Tracking Part II

Having used the RoyalTek RGM-3800 for a week now I am very pleased with tramore.jpg it. The biggest test to date came yesterday when I grabbed a couple new AAA batteries for it and made the fix at the apartment. I popped it in my suit jacket and headed off on a road trip down country with my friend Mary. The little unit kept a fix all the way south, whether in the car, inside buildings, in the train and the batteries lasted an even 10 hours (perfectly timed for me re-entering the apartment.

I wish the unit could sync with OSX rather than having to use Parallels to use the supplied data sync software.

It works well mind, transferring the NMEA datafiles flawlessly. The supplied iLocat scans your download folder and presents them for matching with photos. It also has a quick map feature, so that you can verify that the path you downloaded resembles the one that you thought you took. This is a great way to determine whether the unit was functional. The only feedback from the unit itself is a little LED that goes red when you are low on power. In off when the unit is off, blinks green when acquiring a fix and goes solid green when all is well. Thus you end up leaving a lot to trust.

So far the little unit lives up to this trust. Typically, when I have the NMEA file, I put it through GPSBabel under OSX, translate it into a GPX file and then view it as a path in Google Earth. The sample below is from our trip south.

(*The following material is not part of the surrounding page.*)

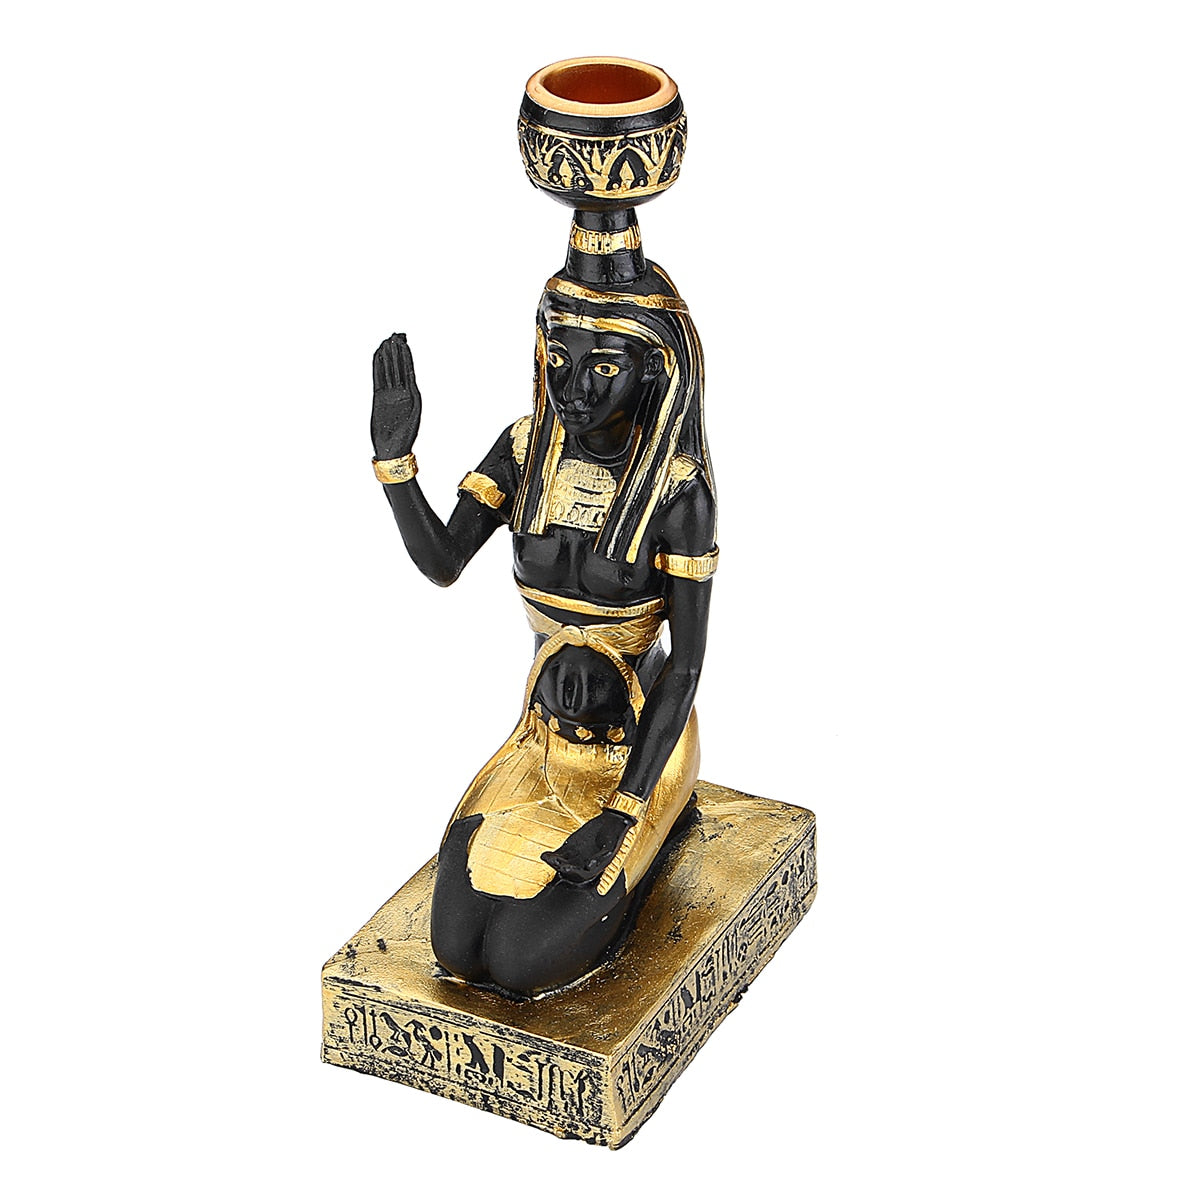 Figuras de resina candelabros retro antigua diosa egipcia esfinge sphinx anubis forma manualidad de candelabros adornos decorativos

The only problem I have run into thus far is an inability to erase the flash memory. I haven’t reached capacity yet (far from it actually) and right now I have configured it to start overwriting the previously stores waypoints. this may be fine. However, if you hold down the power button for three seconds, the little LED is supposed to alternate between red and green and erase the flash. I can’t seem to trigger this and although the RoyalTek support folks suggest you can erase it from the datalogger application, I have not been able to do so.

Nonetheless, a week in and having made five or six good journeys, the little unit continues to impress, on bike, in car or train or wandering of foot. Quite cool!